“‘Bunch of BS’: Attendee at Trump’s CEO Meeting Refutes Media Reports: ‘The attendee who spoke with The Daily Signal said Sorkin’s interpretation is wrong. (The Daily Signal granted the attendee anonymity to speak candidly about the private meeting.) ‘There was never a moment of meandering,’ the attendee said. ‘He was focused. In fact, he received a loud ovation at the end.’ The attendee added: ‘There was not one CEO who wasn’t impressed with what they heard from Trump. Everybody was clapping.’ Sorkin did not immediately reply to The Daily Signal’s request for comment,'” posted convicted felon former President Trump’s Truth Social account on Tuesday.
The anonymous quote comes in response to CNBC/New York Times finance guy Andrew Ross Sorkin’s recent reporting on CEOs who attended a meeting with the fat fuck last week who “said that [Trump] was remarkably meandering, could not keep a straight thought [and] was all over the map,” and that “These were people who I think might have been actually predisposed to [Trump but] actually walked out of the room less predisposed,” during a bit on CNBC’s “Squawk Box.” Sorkin also told MSNBC’s Morning Joe that “at one point, he discussed his plan to bring the corporate tax rate down from 21 percent to 20 percent and was asked about why he had chosen 20 percent. And he said, ‘Well, it’s a round number.’ That unto itself had a number of CEOs shaking their heads.”
Separately on Tuesday Variety editor Ramin Setoodeh, author of a new book on Donald’s reality TV career Apprentice in Wonderland, backed up Sorkin’s reporting in an interview with CNN’s Kaitlan Collins, telling her that “‘meandering’ and ‘confusing’ is right… He goes from one story to the next. He struggles with the chronology of events.
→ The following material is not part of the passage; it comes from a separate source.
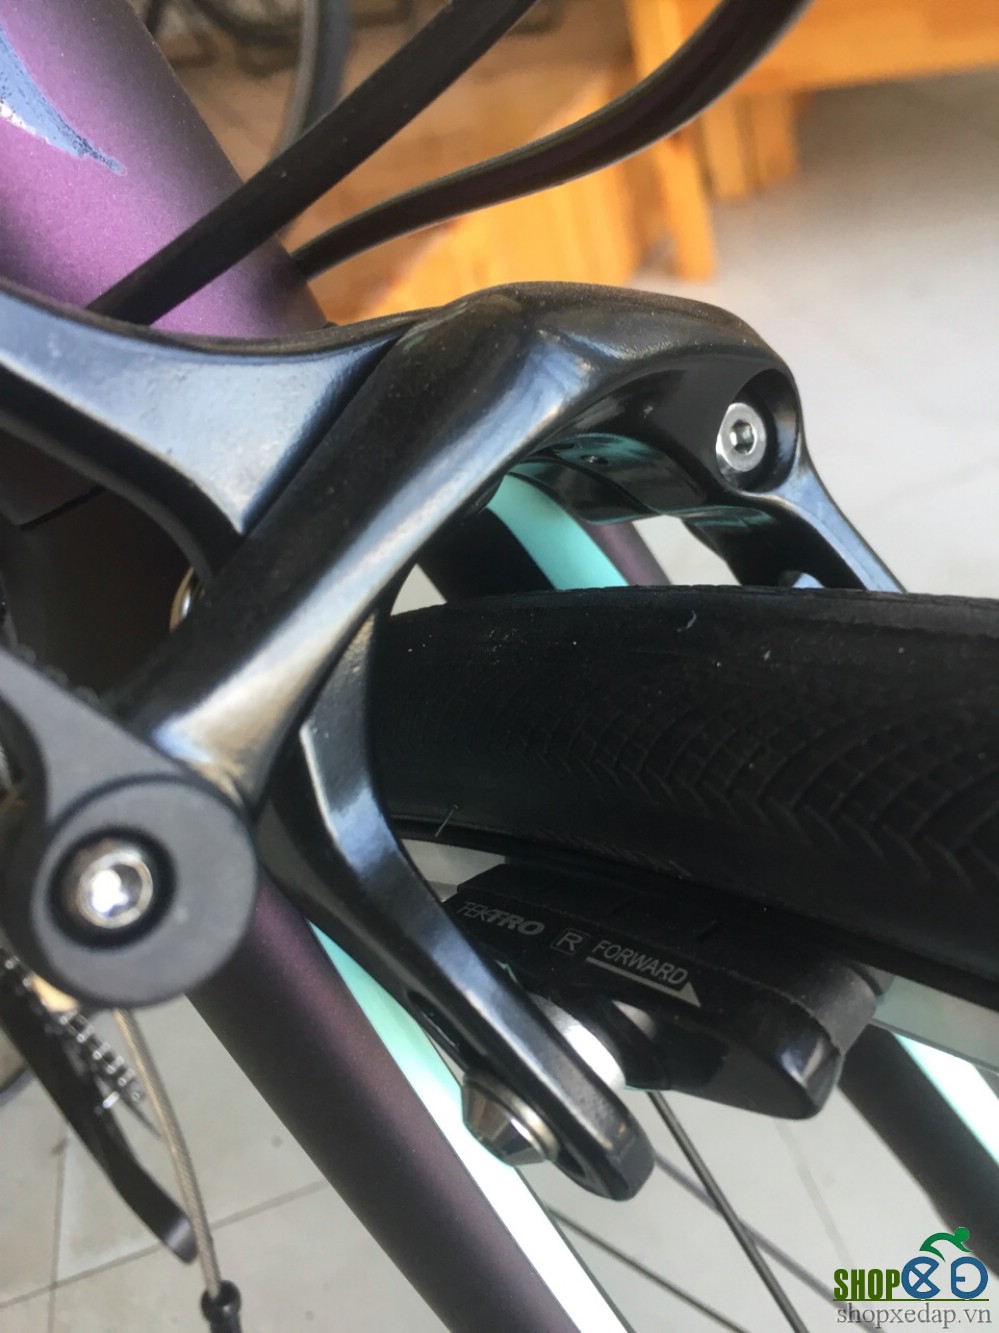 Xe đạp đua Specialized Dolce 2018
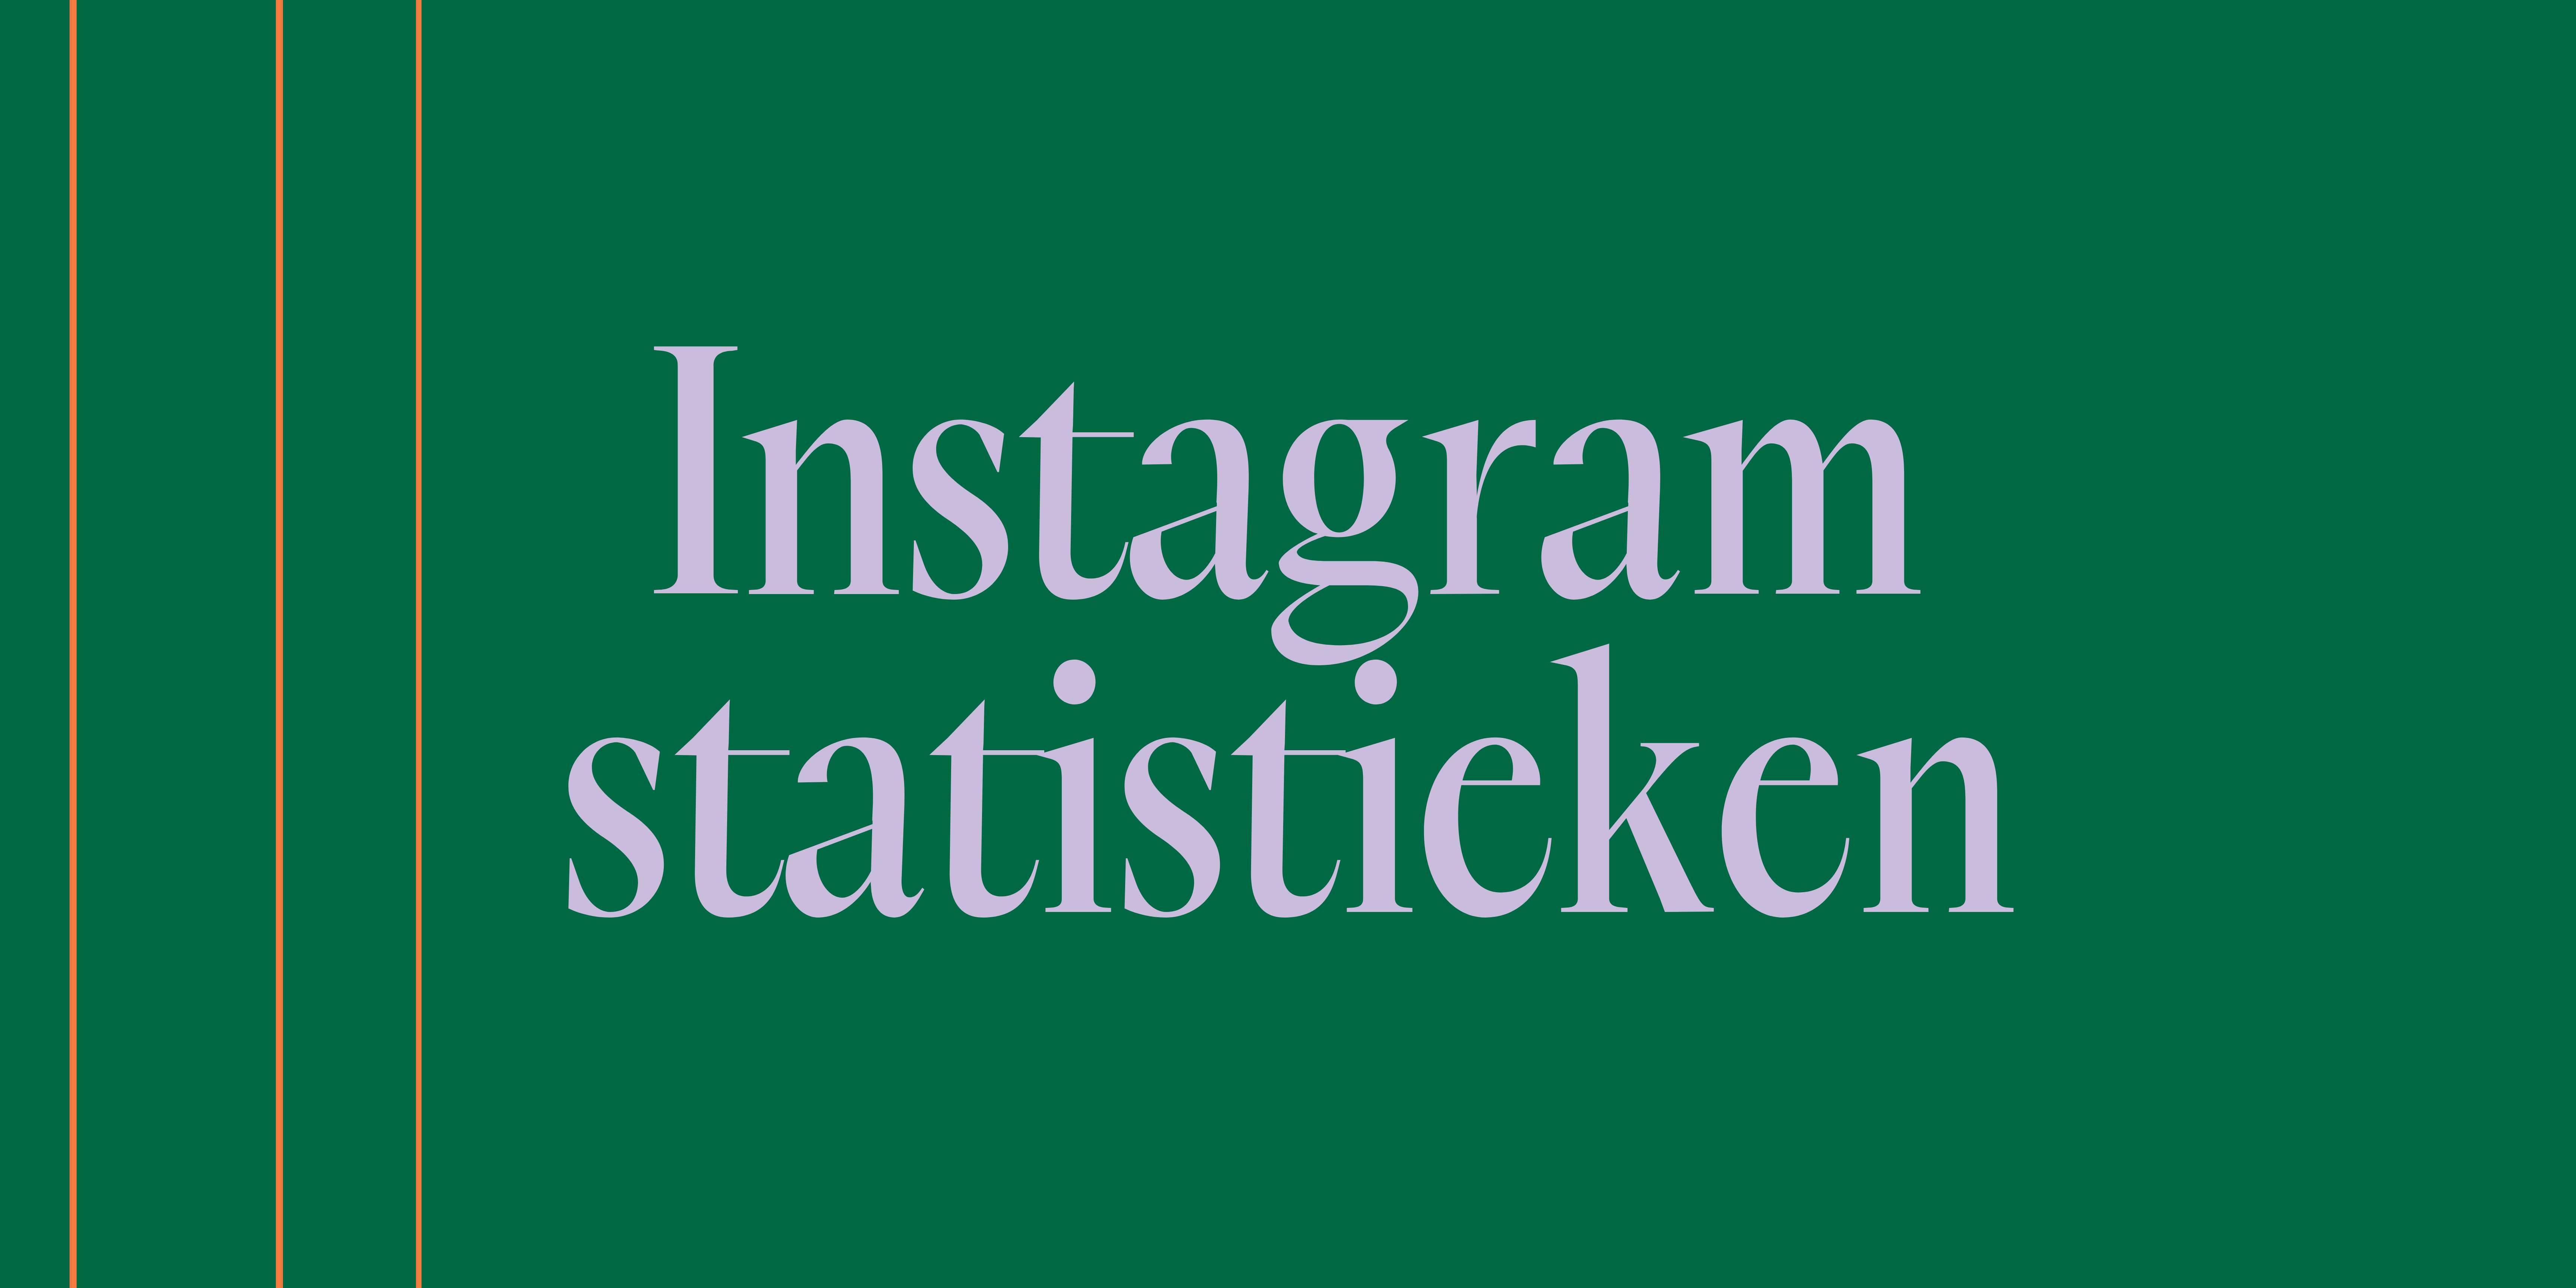 Instagram statistieken analyseren

He seems very upset that he wasn’t respected by certain celebrities in the White House. And then he’d go to a story about” the stupid reality show.
Setoodeh went on to say that Trump “confidently told me and declared that Joan Rivers voted for him when he ran for president,” adding that Joan Rivers died in 2014. “On some days, I have the feeling he has no idea whom he is even talking to. At our second meeting, he tells me he couldn’t remember sitting down with me, even though it was only a few months earlier.”